"We used to run on Microsoft 2000 Exchange Server," Kaupp says. "We wanted to host our own email and do some file and print sharing." In the late 1990s that was cutting edge technology, but the automotive industry has moved to the Internet in a big way, according to Kaupp. "The companies are moving everything to the Web, and the Internet is becoming the lifeblood of our business."
One problem with the old environment that made Kaupp consider moving to another operating system was Microsoft's lack of customizability. Every employee needed an online workstation to keep abreast of inventory levels, check upcoming shipments, and communicate by email. But Kaupp was having a problem controlling inappropriate Web surfing. "With Microsoft, you had to build a list of places people couldn't go," Kaupp says, and coming up with that list was a hit and miss prospect at best.
There was another challenge. Vermont is a largely rural state, and the dealerships in the Freedom network are miles apart. The network's Jeep showroom alone is 35 miles away from the rest of the dealerships. With a T-1-based WAN, Freedom was paying more than $1,000 a month just to keep that dealership connected to the others.

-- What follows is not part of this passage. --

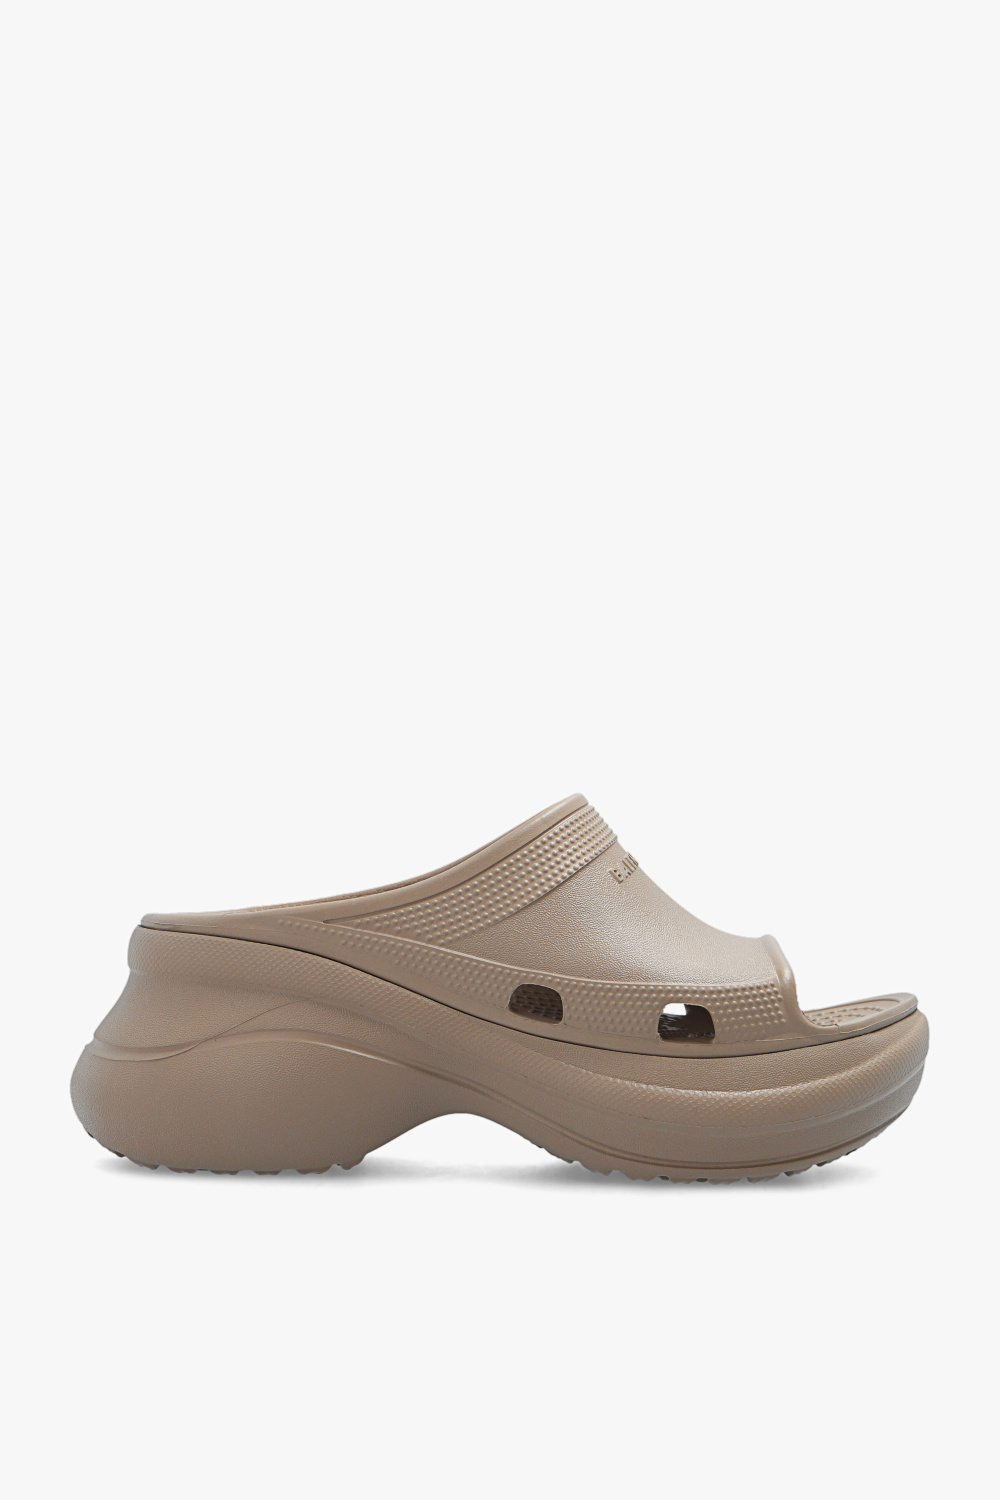 Gucci rubber slide sandals mules crocs with 5cm heels, Women's

"We wanted to have VPNs available for our owners and managers," Kaupp says. "I talked to the VAR from whom I was buying equipment, and he recommended Linux," in the form of a Nitix server. It seemed to provide the answers Kaupp was looking for. With Nitix, Kaupp found he was able to block employees' access to inappropriate Web sites by allowing access only to sites on the "approved" list. Also, by implementing a point-to-point VPN, Kaupp was able to replace the T-1 service and save Freedom several hundred dollars a month.

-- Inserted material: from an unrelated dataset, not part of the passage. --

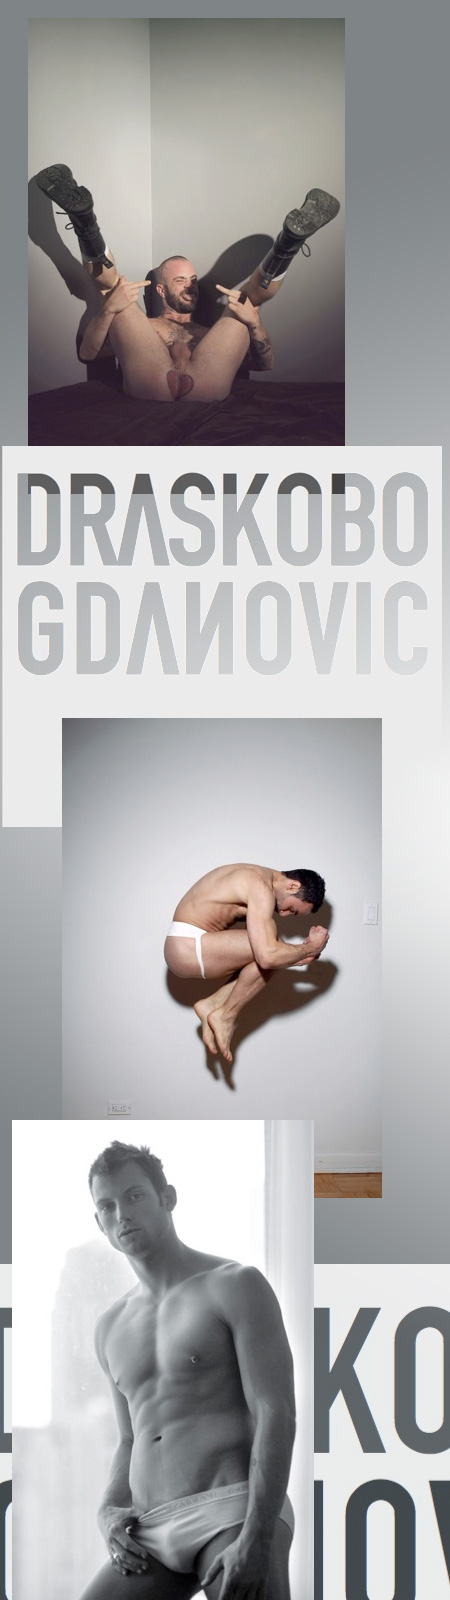 Drasko Bogdanovic Male Erotic Photography

In addition to the added security and cost savings, Kaupp likes the simplicity that Nitix affords him. "I can't even put a monitor on this server," he says. "The really nice thing is that the operating system is so small that it's all installed on a chip. You could trip over the power cord and turn it back on and it comes right up. My Microsoft server, to reboot it and get everything started takes 15 to 20 minutes."